Objective: To describe current practice during stabilisation of children presenting with critical illness to the district general hospital, preceding retrieval to intensive care.
Design: Observational study using prospectively collected transport data.
Setting: A centralised intensive care retrieval service in England and referring district general hospitals.
Patients: Emergency transports to intensive care during two-month epochs from 4 consecutive years (2005-2008).

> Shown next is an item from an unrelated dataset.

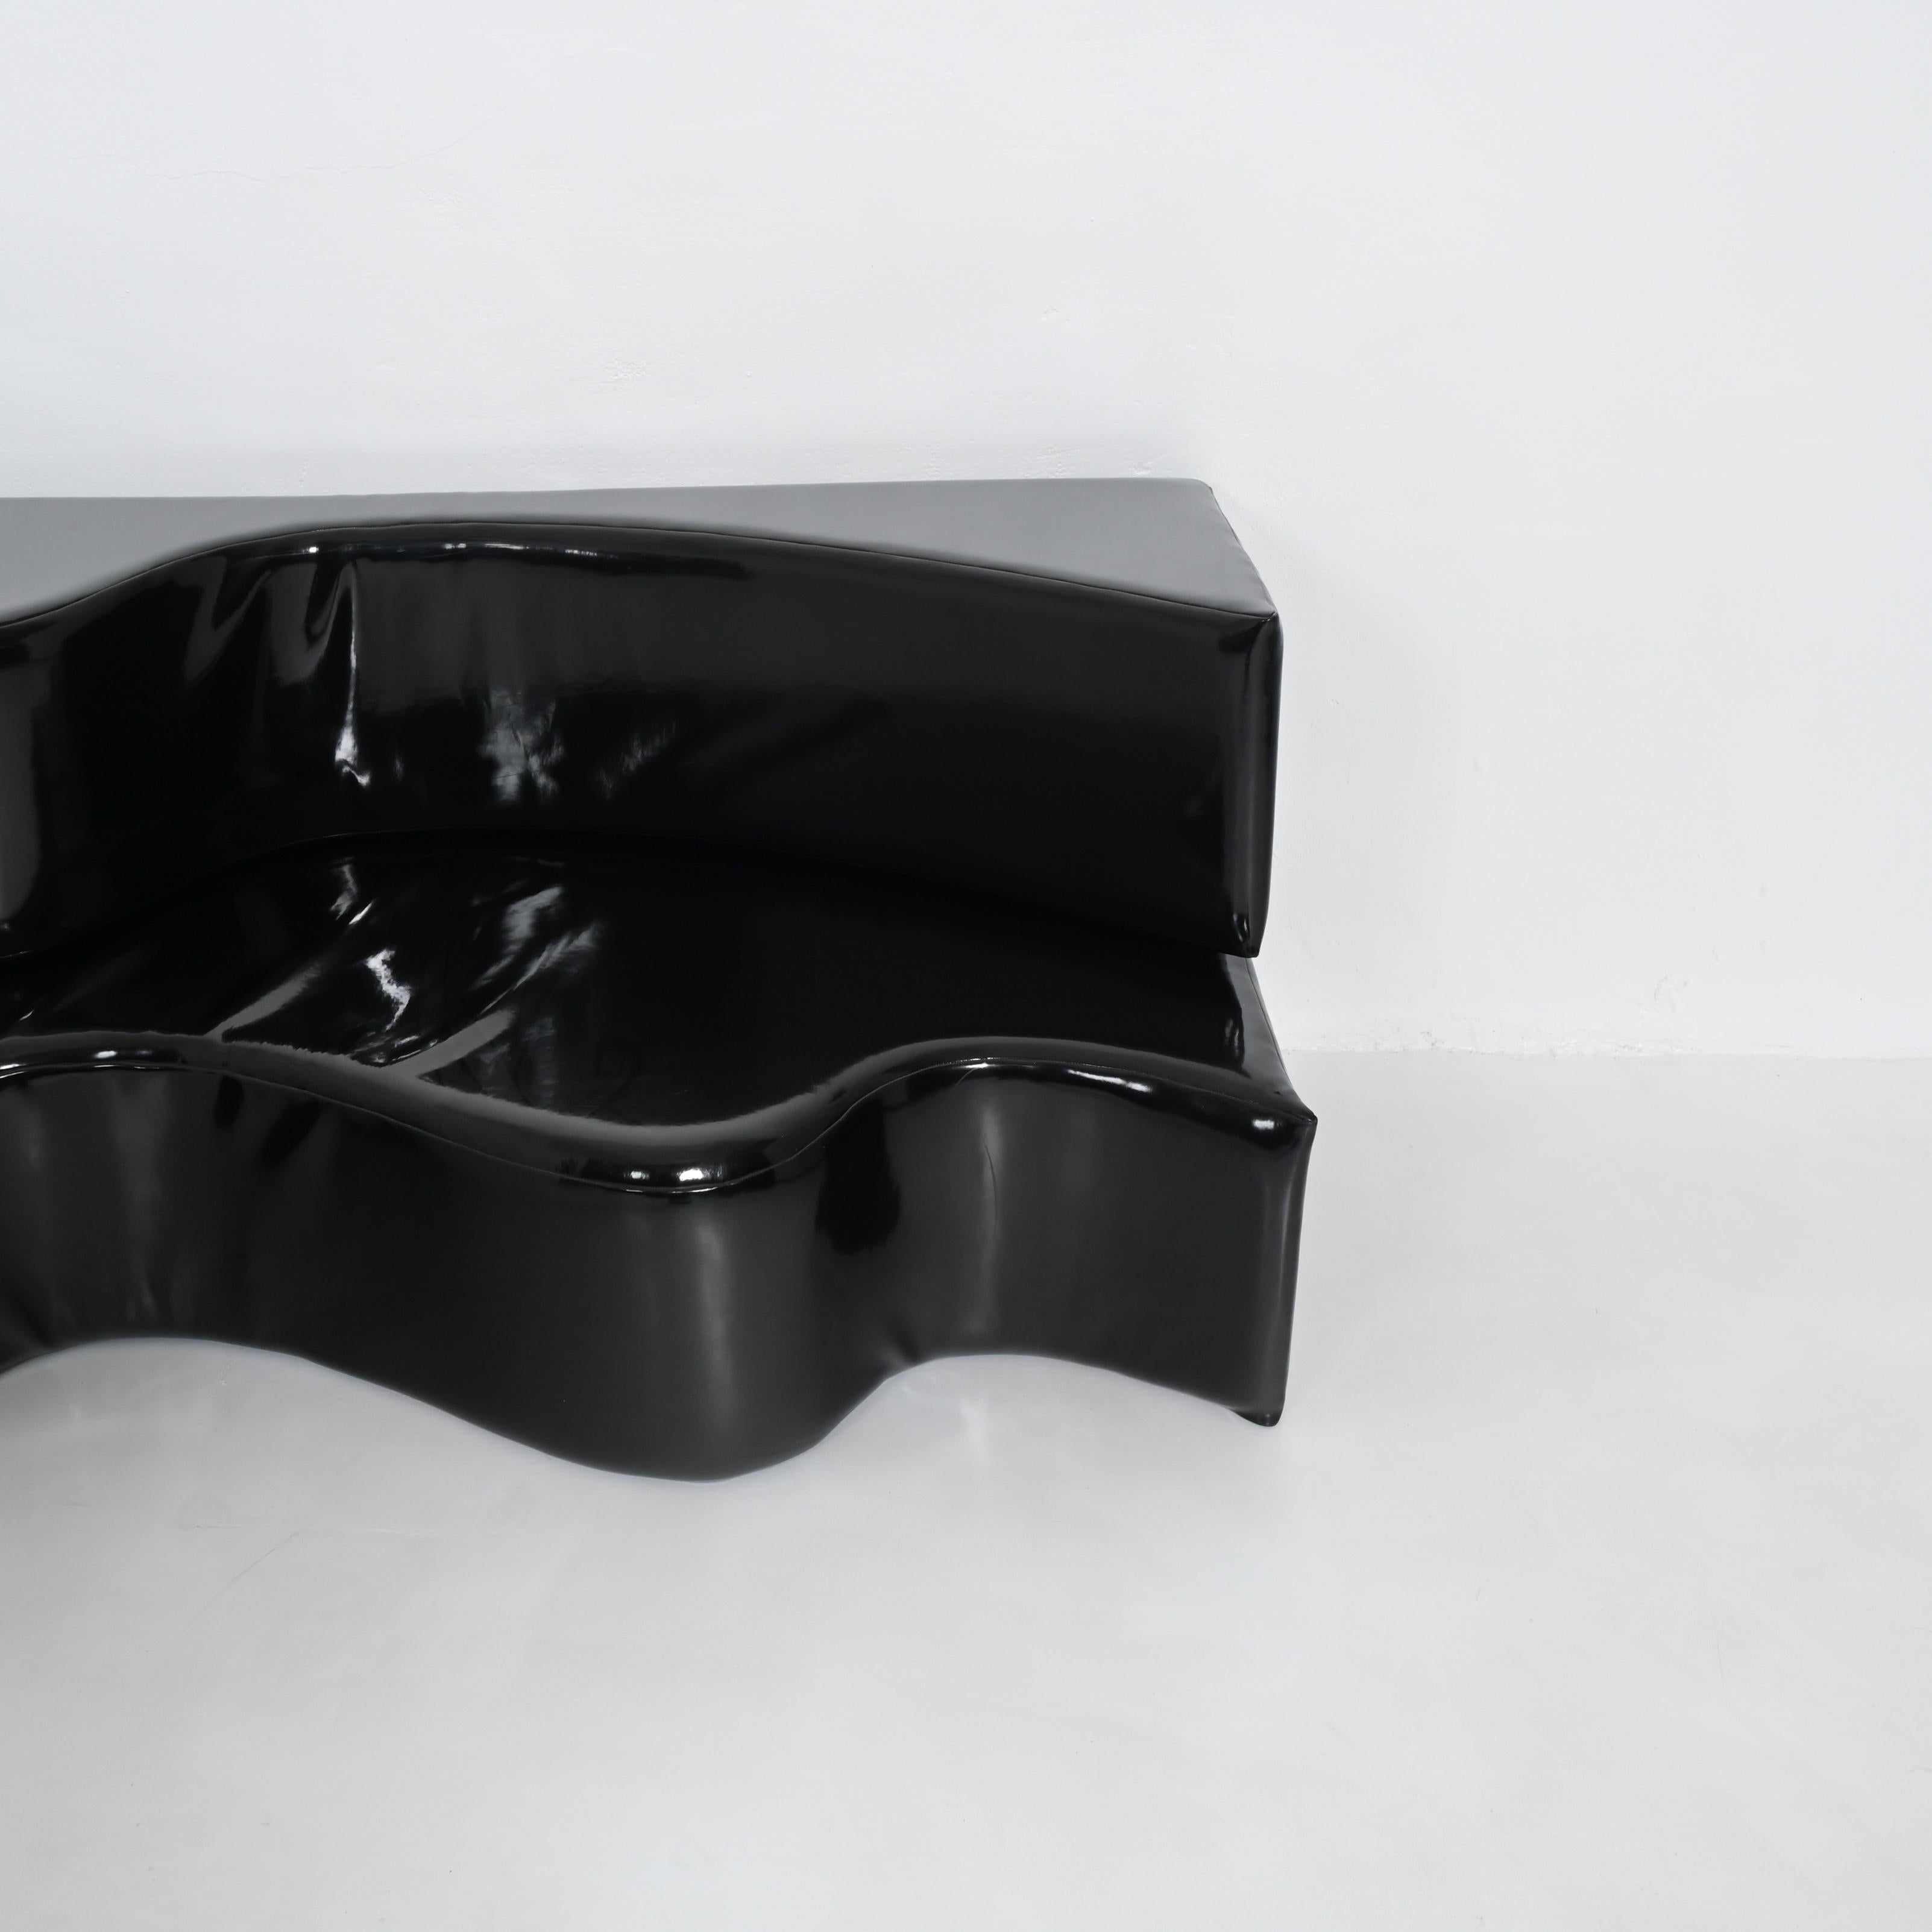 Faux Leather Black Superonda Sofa by Archizoom Associati for Poltronova

Main outcome measures: Proportion of key airway, breathing, circulatory and neurological stabilisation procedures, such as endotracheal intubation, mechanical ventilation, vascular access and initiation of inotropic agents, performed by referring hospital staff prior to the arrival of the retrieval team.
Results: 706 emergency retrievals were examined over a 4-year period. The median age of transported children was 10 months (IQR 18 days to 43 months). District general hospital staff performed the majority of endotracheal intubations (93.7%, CI 91.3-95.5%), initiated mechanical ventilation in 76.9% of cases (CI 73.0-80.4%), inserted central venous catheters frequently (67.4%, CI 61.7-72.6%) and initiated inotropic agents in 43.7% (CI 36.6-51.1%). The retrieval team was more likely to perform interventions such as re-intubation for air-leak, repositioning of misplaced tracheal tubes and administration of osmotic agents for raised intracranial pressure. The performance of one or more interventions by the retrieval team was associated with severity of illness, rather than patient age, diagnostic group or team response time (OR 3.62, 95% CI 1.47-8.92).
Conclusions: District general hospital staff appropriately perform the majority of initial stabilisation procedures in critically ill children prior to retrieval. This practice has not changed significantly over the past four years, attesting to the crucial role played by district hospital staff in a centralised model of paediatric intensive care.